90 days later, the exchange rate is 5.8764 INR/HKD. What is the gain/loss of entering this forward contract?

A)   6,880 HKD.

B)   −6,880 HKD.

C)   9,906 HKD.

Correct answer is A)

By entering into the forward contract, the company gained [(4,000,000 / 5.9364) − (4,000,000 / 5.8764)] = 6,880 HKD.

Q3. Which of the following statements about exchange rates is most accurate?

A)   Given the bid-ask spread between pesos and dollars is 6.0000-6.0025, and the bid-ask spread between pounds and dollars is 2.0000-2.0015, then the bid/ask spread between pesos and pounds is 2.875-2.934.

B)   The bid-ask spread is a function of breadth, depth, and volatility of the market for a currency.

C)   A bid of 8.000 pesos/dollar, means the bank will sell you a dollar for 8 pesos.

Correct answer is B)

When the bank bids they are buying and you are selling. Spot exchange rates, forward exchange rates, and interest rates are closely linked. The bid-ask spread between pesos and pounds is 6.0000/2.0015 = 2.9978 and 6.0025/2.0000 = 3.0013.

Q4. Which of the following statements about exchange rates is FALSE?

A)     In a perfect world, triangular currency arbitrage keeps exchange rates in equilibrium.

B)     Arbitrage cannot work effectively in the presence of government regulations hampering the flow of funds across borders.

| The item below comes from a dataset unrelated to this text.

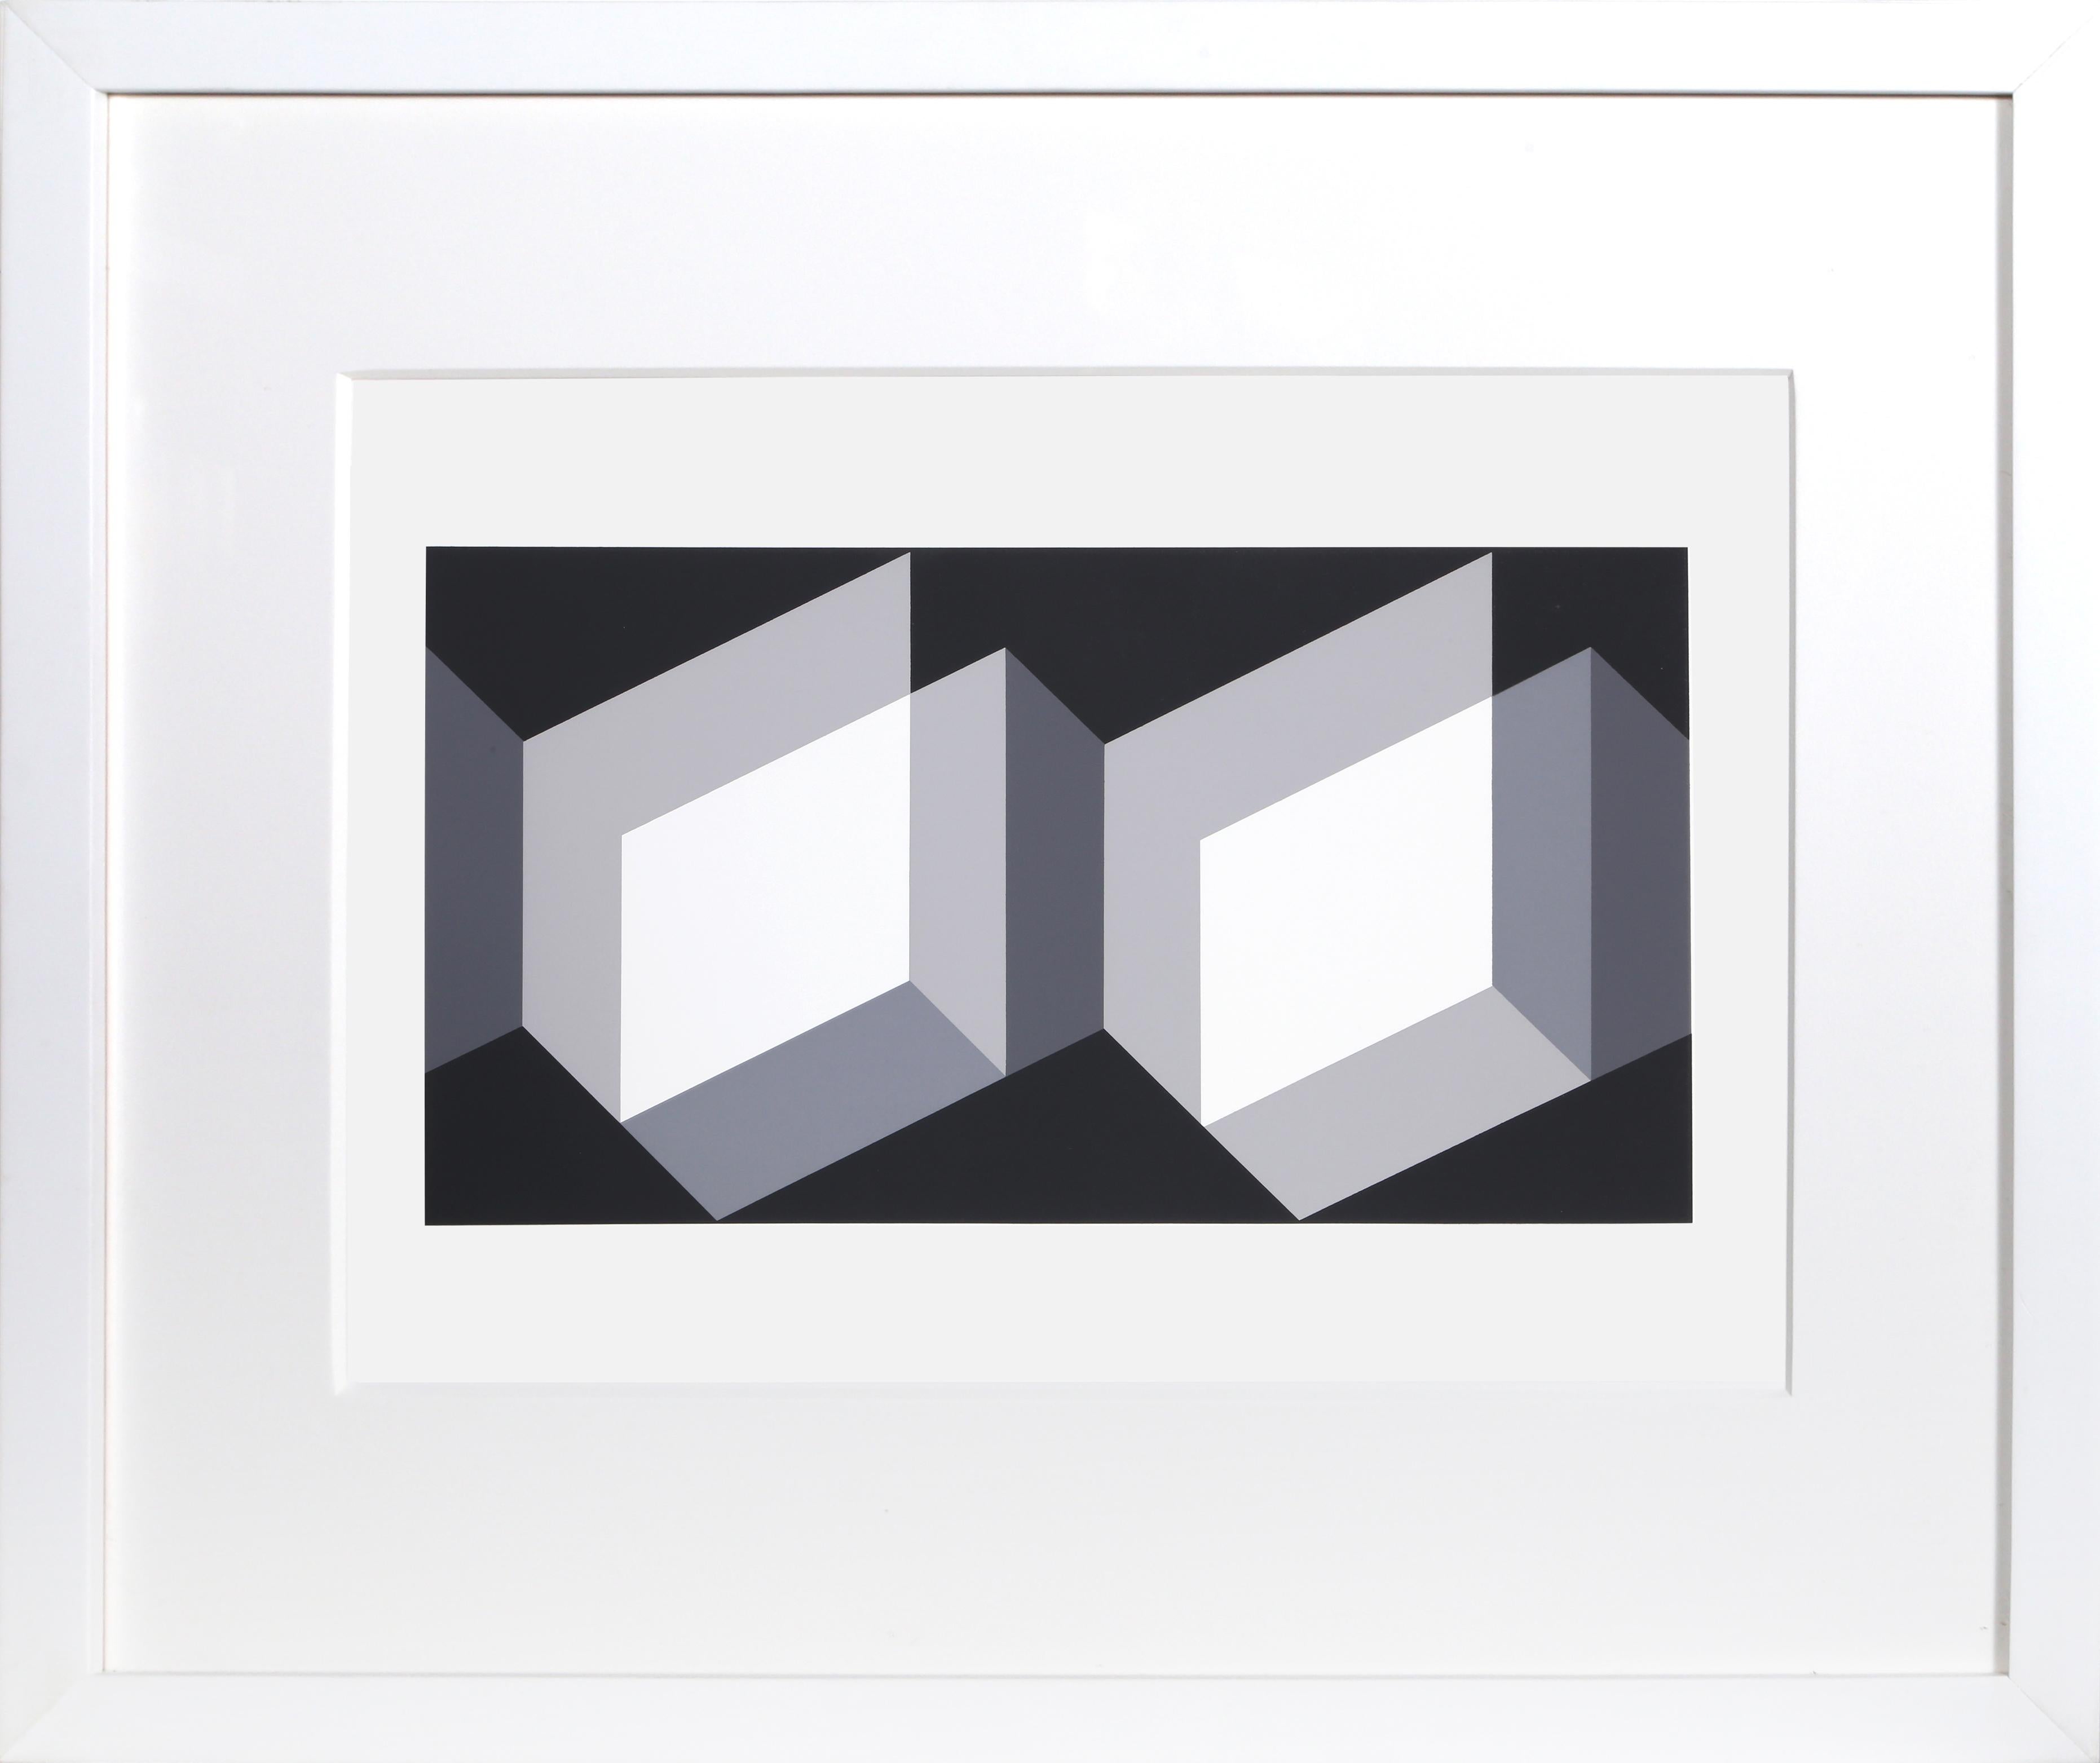 Biconjugate - P1, F27, I2, sérigraphie géométrique abstraite de Josef Albers

C)     The gain or loss on a forward contract is directly related to the current spot rate.

Correct answer is C)

The gain or loss on a forward contract is unrelated to the spot rate. Gains or losses are measured relative to the forward contract rate, not the spot rate. Forward contracts call for delivery of a specified amount of a currency quoted against the dollar on a specific future date.